The Strain on Los Angeles Animal Services

Brown and white dog looking through the bars of a shelter kennel
By Julie Castle

Los Angeles needs our help. And when I say “our,” I mean every single one of us: shelters and rescue groups, government officials, Angelenos, and animal lovers across the country. Each of the six animal shelters operated by Los Angeles Animal Services (LAAS) is well over capacity, causing suffering for both the animals within them and the people caring for them. LAAS is in crisis. But we’ve been here before. We know there’s a path forward. Let me explain.

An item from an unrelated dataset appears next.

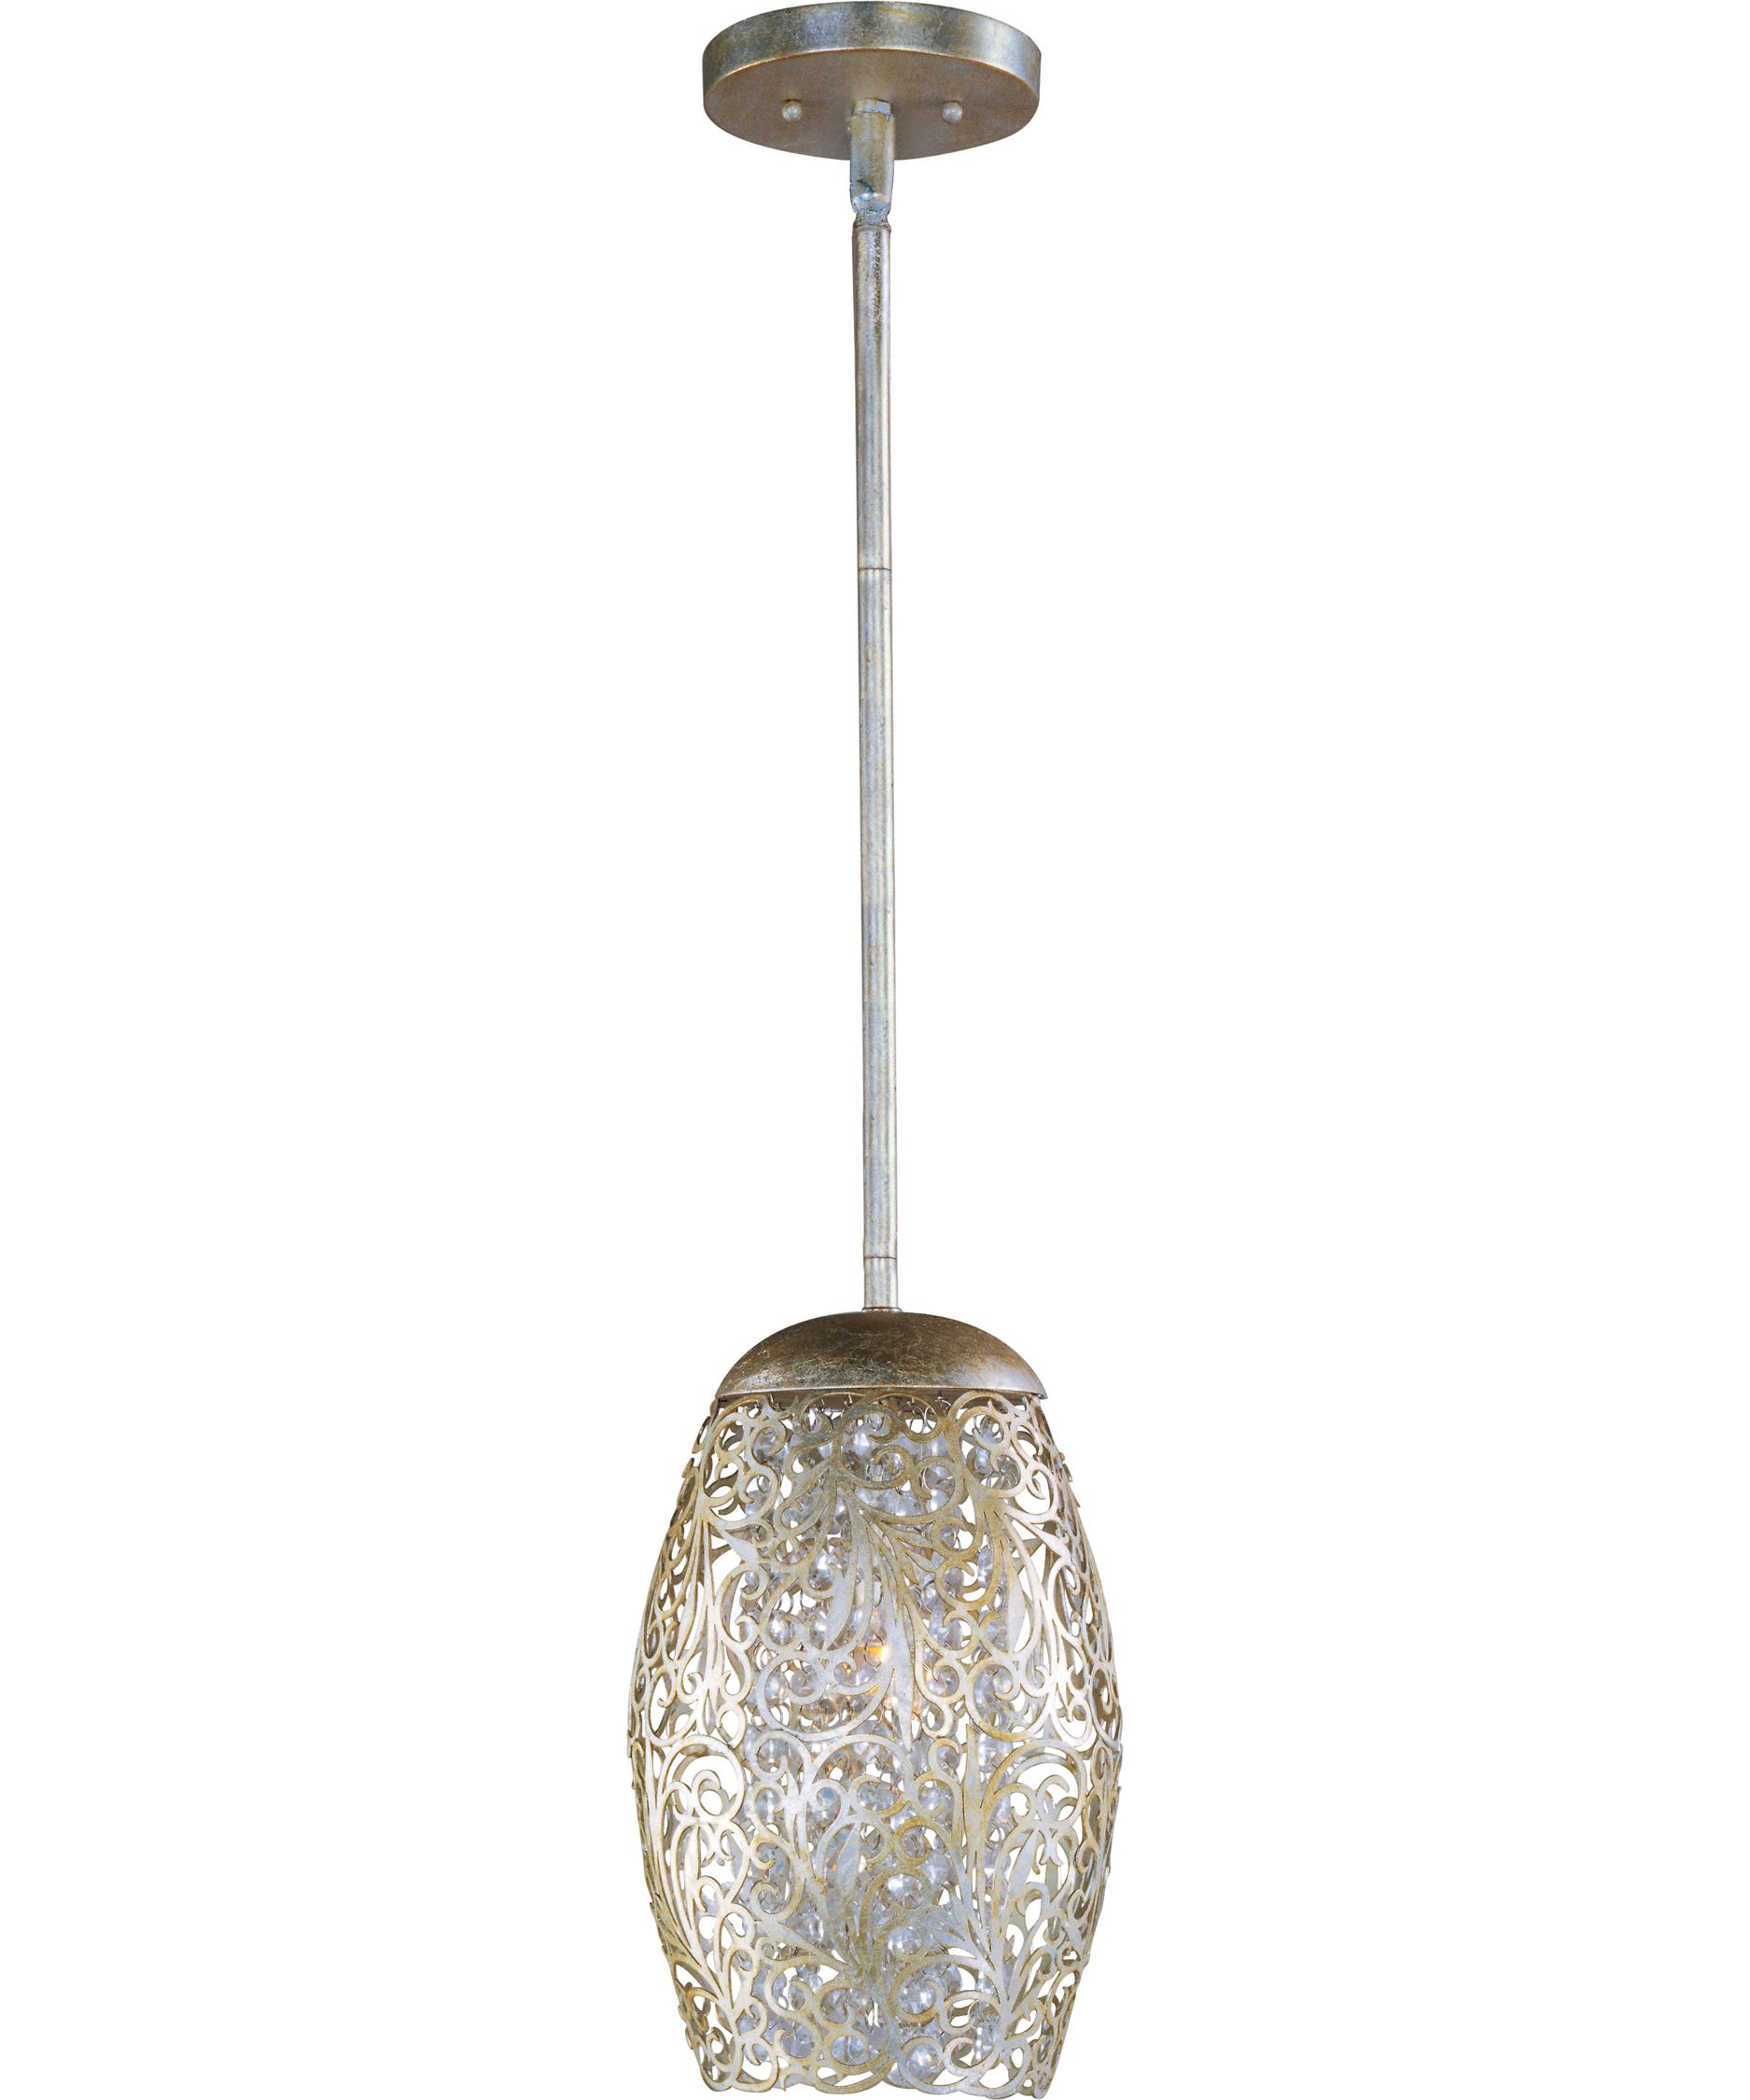 modern mini pendant lighting. shown in golden silver finish and beveled crystal modern mini pendant lighting

In late 2010, Best Friends began meeting with the then-new LAAS general manager, Brenda Barnette, about how we could collaborate to make the city of Los Angeles a no-kill community. Achieving no-kill had been voted in as the official policy goal of the city by the LA City Council years earlier, but turmoil within the department, the Great Recession, and the general food fight that had been the LA animal welfare community for over a decade all conspired to keep the city’s save rate tragically low. Prior to Brenda’s arrival, there had been six general managers (including two interim) heading up LA Animal Services between 2001 and 2010. Brenda was the seventh. Thanks to her no-kill experience and pedigree dating back to her work with Rich Avanzino, the father of no-kill, at San Francisco SPCA, Brenda was being given the benefit of the doubt by the very skeptical stakeholders both inside and outside of the department.

It was a steep hill to climb. The most prominent individuals within and the loudest voices on the fringes of the no-kill movement had all declined the position when offered. I remember it was widely regarded as a no-win situation that had ended the careers of some very talented people through infighting, grandstanding, and the animal community’s seemingly unbreakable habit of gnawing its own leg. Sadly, leg gnawing is something we see a lot of in animal welfare.

But Brenda was game, and so was I. At the time, I was director of community programs and services for Best Friends and had put in seven years as the head of operations for No More Homeless Pets in Utah, a first-of-its-kind, statewide no-kill coalition. We had a data-driven model that covered all the bases — lifesaving metrics, transparency, and accountability — and we could use that for LA. My team and Brenda were prepared to take the arrows in the back from the usual suspects until we could demonstrate results.

We spent 2011 establishing buy-in and building the nucleus of what would ultimately become a coalition of over 150 LA-area animal organizations, each committed to supporting LA Animal Services’ lifesaving work. We launched No-Kill Los Angeles, widely known as NKLA, in 2012. At that point, LAAS had a distressingly low save rate of 57.8% of the more than 54,000 dogs and cats who entered its doors.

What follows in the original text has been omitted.